The BinaryWriter to write the data to.

Remarks

This method is called at the end of the general serialization process to allow derived classes to write any additional data specific to their implementation.

For Beginners: Think of this as packing a special compartment in your suitcase. While the main serialization method packs the common items (layers, parameters), this method allows each specific type of neural network to pack its own unique items that other networks might not have.

Train(Tensor<T>, Tensor<T>)

Trains the neural network on a single input-output pair.

public override void Train(Tensor<T> input, Tensor<T> target)

Parameters

input Tensor<T>

The input data.

target Tensor<T>

Remarks

This method performs one training step on the neural network using the provided input and expected output. It updates the network's parameters to reduce the error between the network's prediction and the expected output.

For Beginners: This is how your neural network learns. You provide: - An input (what the network should process) - The expected output (what the correct answer should be)

The network then:

  1. Makes a prediction based on the input
  2. Compares its prediction to the expected output
  3. Calculates how wrong it was (the loss)
  4. Adjusts its internal values to do better next time

After training, you can get the loss value using the GetLastLoss() method to see how well the network is learning.

UpdateParameters(Vector<T>)

Updates the network's parameters with new values.

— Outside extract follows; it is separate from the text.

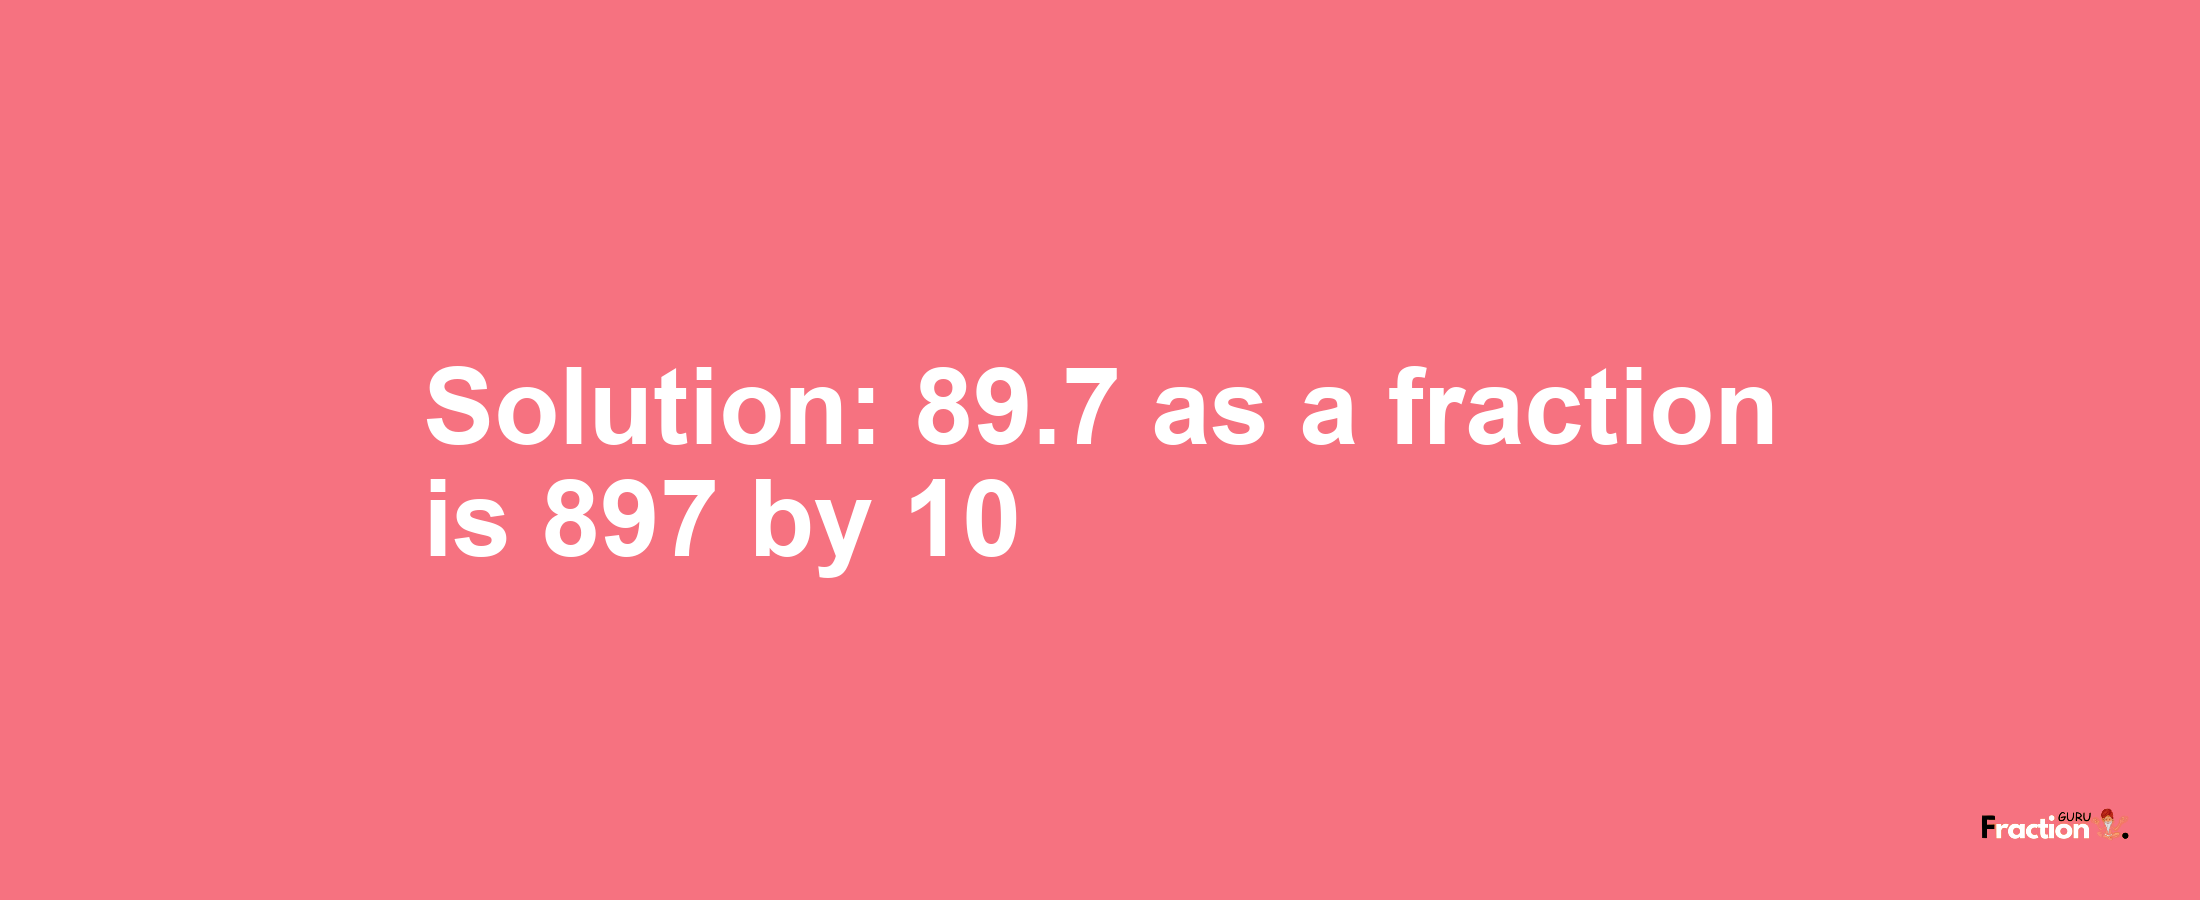 Solution:89.7 as a fraction is 897/10
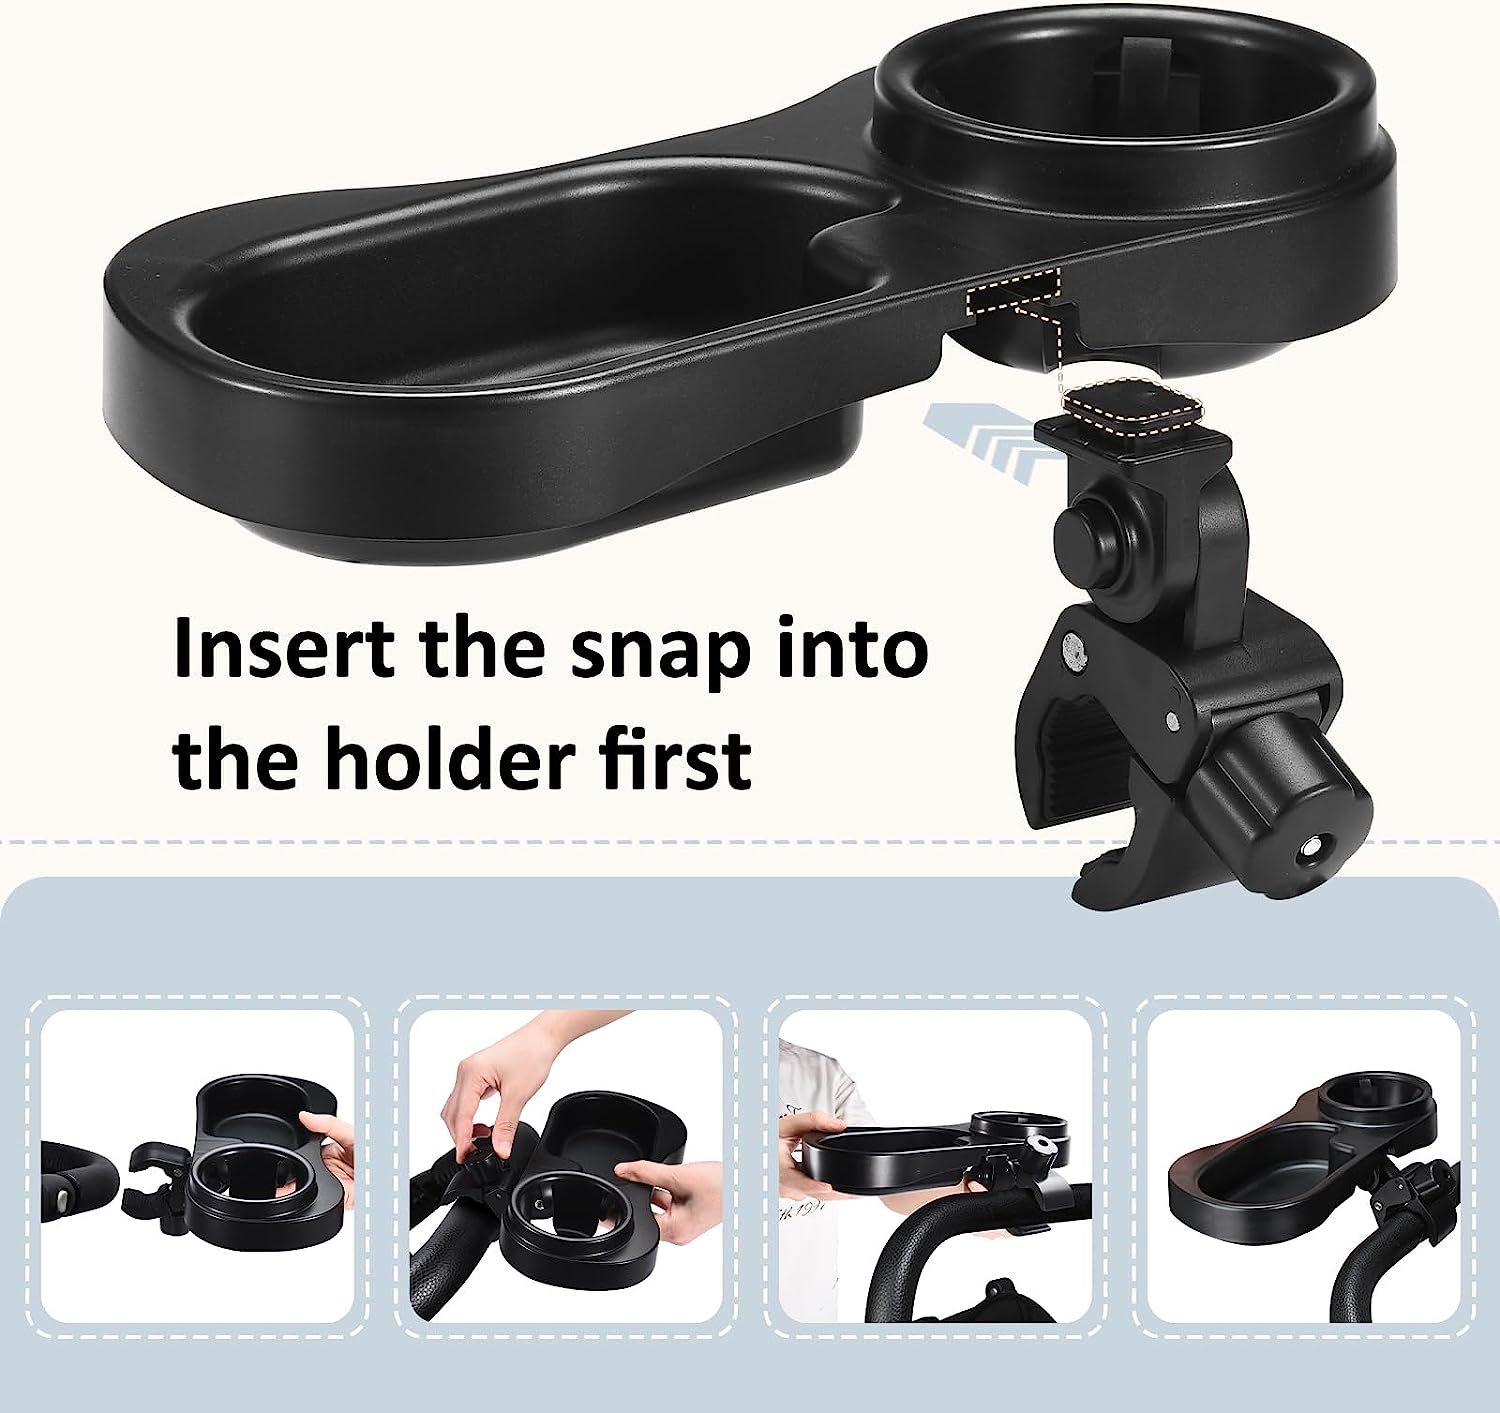 2 in 1 Universal Stroller Snack Tray with Cup Holder, Snack Catcher and Drink Holder for Stroller Snack Tray Attachment - Upgraded Removable Clip for Bumper Bar of Stroller Tray for Baby (Black)

public override void UpdateParameters(Vector<T> parameters)

Parameters

parameters Vector<T>

The new parameter values to set.

Remarks

For Beginners: During training, a neural network's internal values (parameters) get adjusted to improve its performance. This method allows you to update all those values at once by providing a complete set of new parameters.

This is typically used by optimization algorithms that calculate better parameter values based on training data.

ZeroShotClassify(Tensor<T>, IEnumerable<string>)

public Dictionary<string, T> ZeroShotClassify(Tensor<T> image, IEnumerable<string> classLabels)

Parameters

image Tensor<T>
classLabels IEnumerable<string>

Returns

Dictionary<string, T>

ZeroShotClassify(double[], IEnumerable<string>)

Performs zero-shot classification of an image against text labels.

public Dictionary<string, T> ZeroShotClassify(double[] imageData, IEnumerable<string> labels)

Parameters

imageData double[]

The preprocessed image data.

labels IEnumerable<string>

The candidate class labels.

Returns

Dictionary<string, T>

A dictionary mapping each label to its probability score.